It's also important to document vaccine status and to identify coughing family members. In most cases an adult, often the mother, is the vector for infection in a young infant.
Vaccine status had not been recorded for 48% of patients aged 2 months or older. Specific information regarding the number of pertussis-containing vaccine doses received was infrequently recorded. Contact isolation was discussed in just 8% of cases, despite the fact that restriction from school attendance is very important in school-aged children. Household chemoprophylaxis had been provided in just 51%, and of those diagnosed where vaccine status could be ascertained, just 10% were appropriate for age.

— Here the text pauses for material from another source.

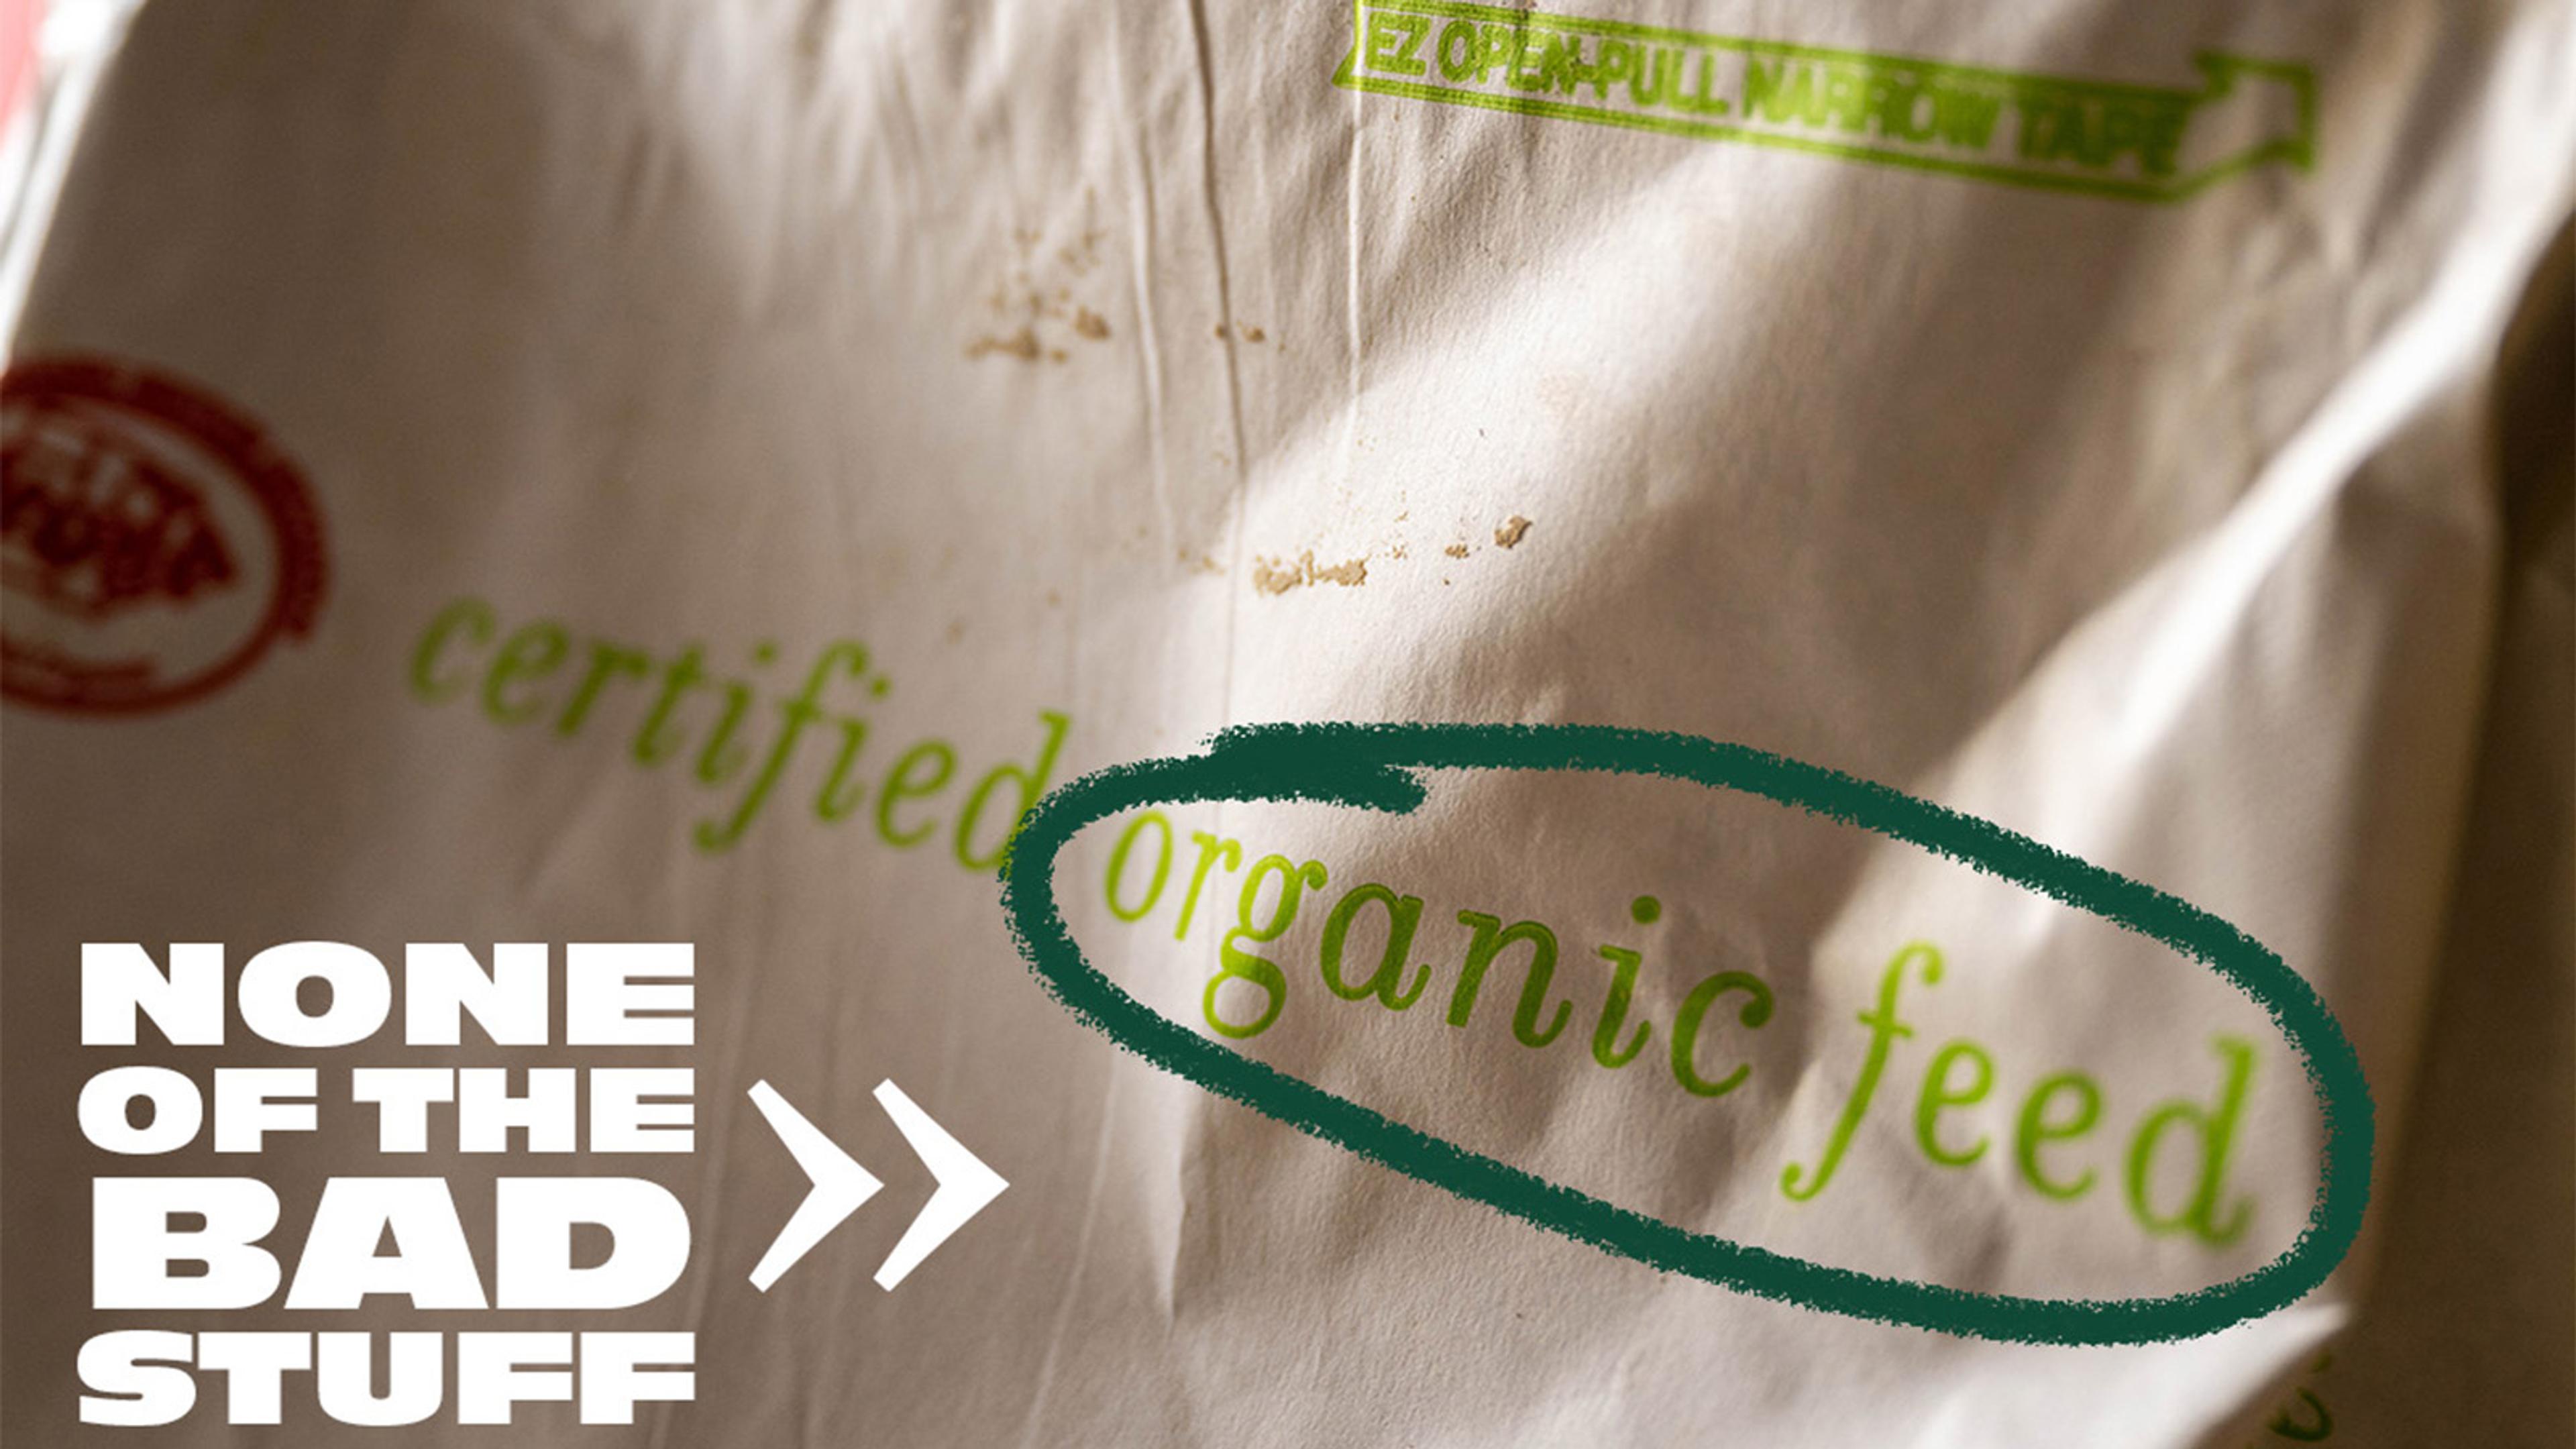 A bag of certified organic animal feed.

Attempts to document vaccine status are notoriously difficult as many parents do not carry an immunization card, and obtaining details from a public health department or primary care office after hours is nearly impossible. A check of the box “vaccines up to date” relies on simply asking the parent who may or may not know for sure the child's vaccine status.

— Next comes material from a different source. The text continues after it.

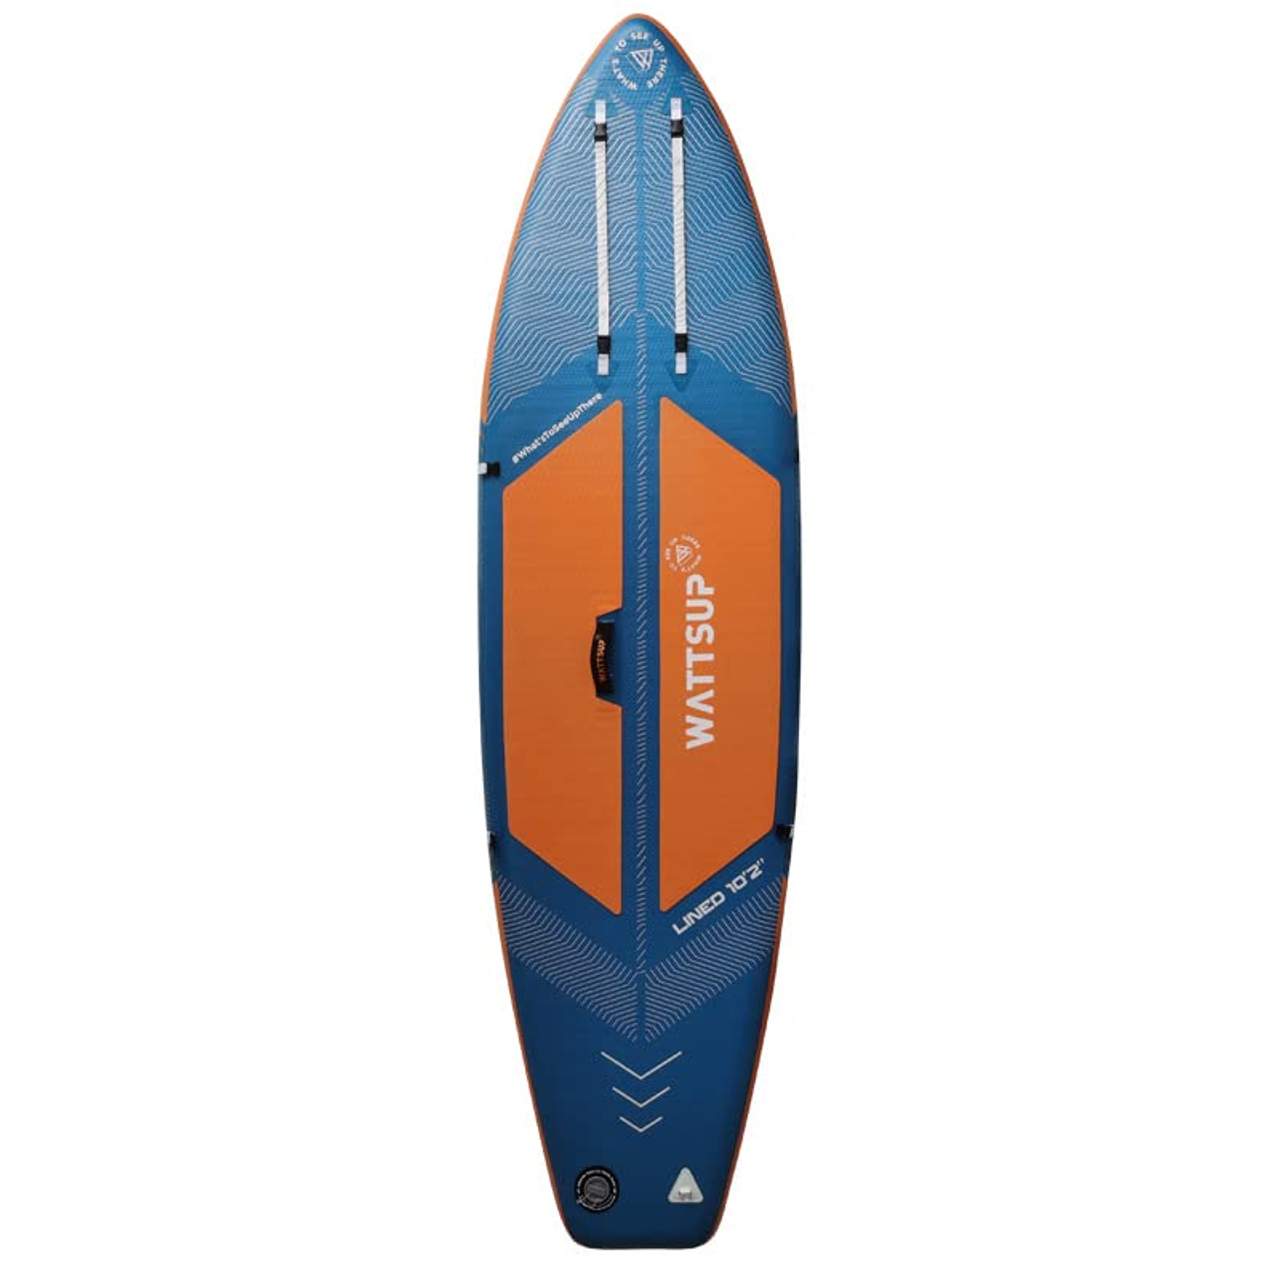 WATTSUP Lined 10'2 SUP aufblasbar Stand Up Paddle Board 310cm

Among those who had been tested for pertussis, correct treatment was prescribed in just 62%. In many cases, therapy was not optimal: In some cases, amoxicillin was prescribed when otitis was concurrently diagnosed, while in others a macrolide was given but in the wrong dose. For pertussis, a correct regimen would be 10–12 mg/kg per day of azithromycin for each of 5 days, as opposed to 10 mg/kg per day on day 1 followed by 5 mg/kg per day for days 2–5 for otitis media.
And we know that pediatricians are often reluctant to write prescriptions for adults, even though pertussis is highly transmissible and the sooner chemoprophylaxis is given, the better the chance to interrupt transmission. An adult with the disease presents a threat to a young infant living in the same household. (The adult dose is 500 mg/day azithromycin for 5 days.)

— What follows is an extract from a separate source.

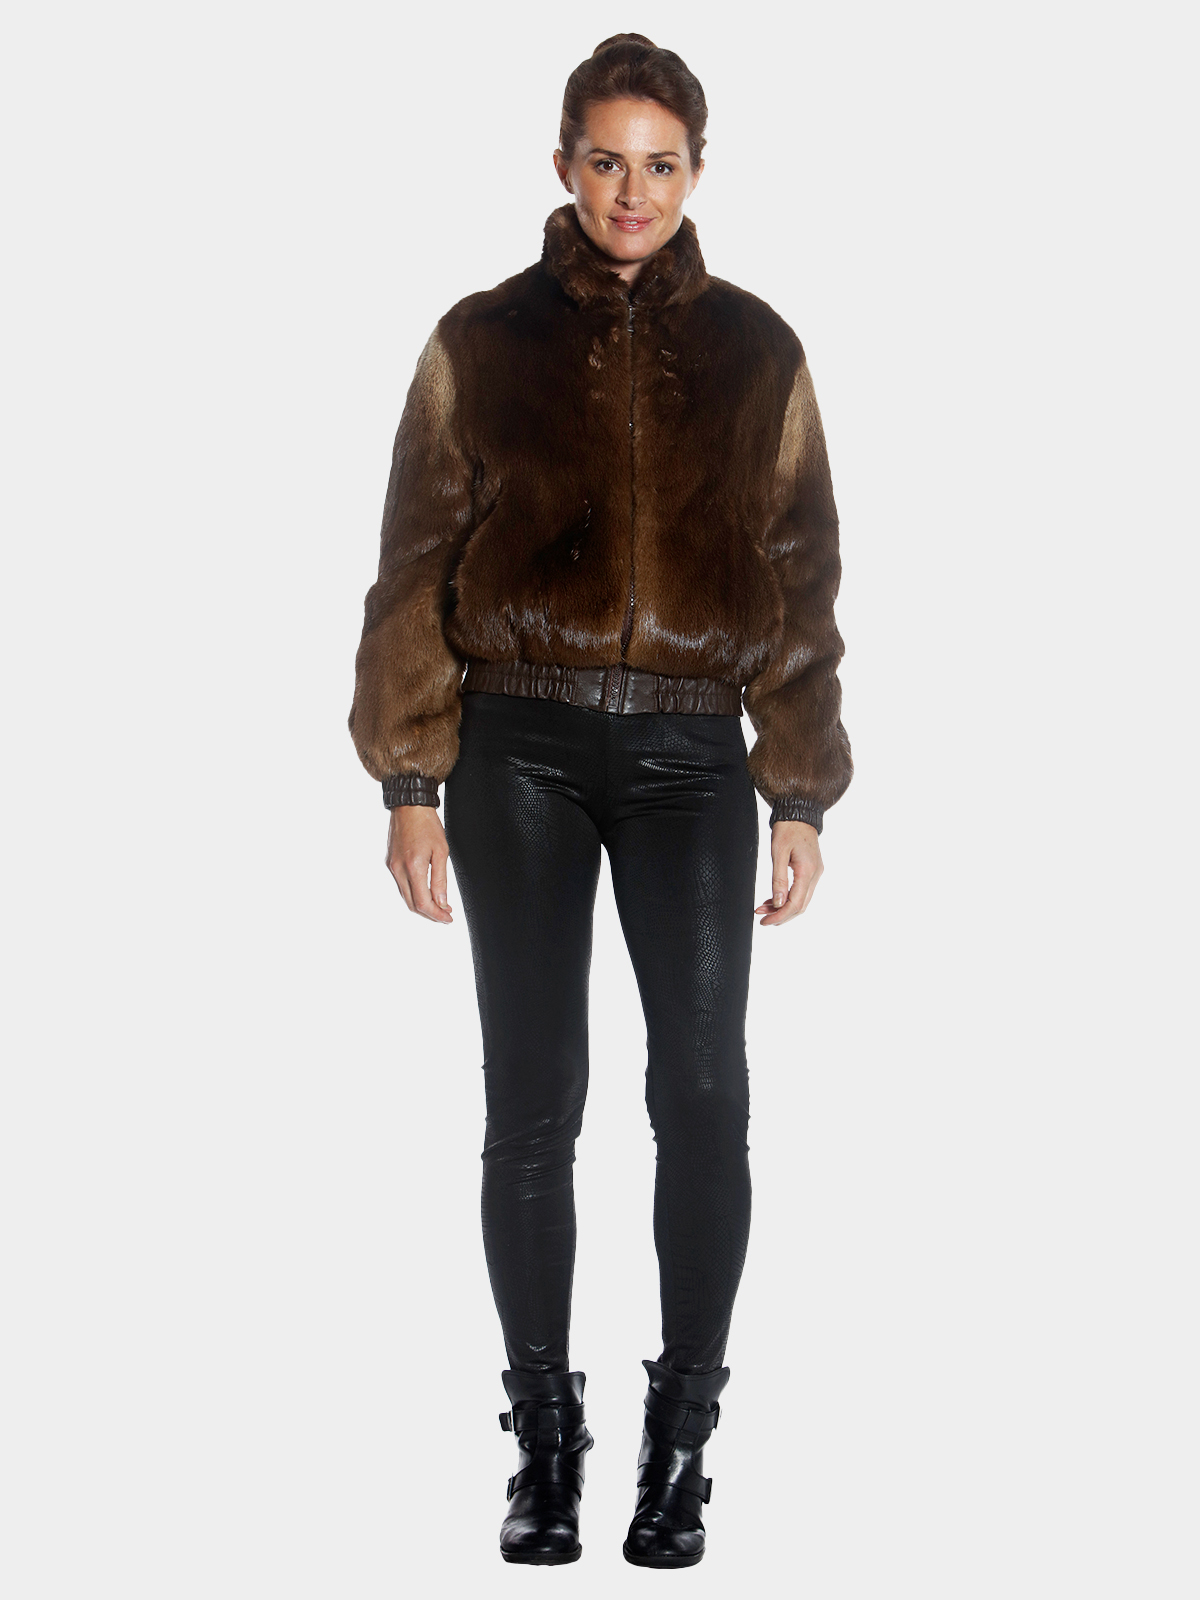 Luxury Faux Fur Coat Women Lapel Mid Length Cardigan Open Front Winter  Jacket Fashion Warm Outerwear Overcoat Black at Amazon Women's Coats Shop

Indeed, after educating our local pediatricians about treating pertussis presumptively, we have seen a drop in cases thus far in 2005.
Pertussis Case Definition
Clinical Case Definition
▸ A cough illness lasting at least 2 weeks with one of the following: paroxysms of coughing, inspiratory “whoop,” or posttussive vomiting, and without other apparent cause (as reported by a health professional).
Laboratory Criteria for Diagnosis
▸ Isolation of Bordetella pertussis from a clinical specimen or positive polymerase chain reaction (PCR) assay for B. pertussis.
Case Classification
▸ Confirmed: an acute cough illness of any duration associated with B. pertussis isolation; or a case that meets the clinical case definition and is confirmed by PCR; or a case that meets the clinical case definition and is epidemiologically linked directly to a case confirmed by either culture or PCR.
▸ Probable: meets the clinical case definition, is not laboratory confirmed, and is not epidemiologically linked to a laboratory confirmed case.
Both probable and confirmed cases should be reported to the local health department.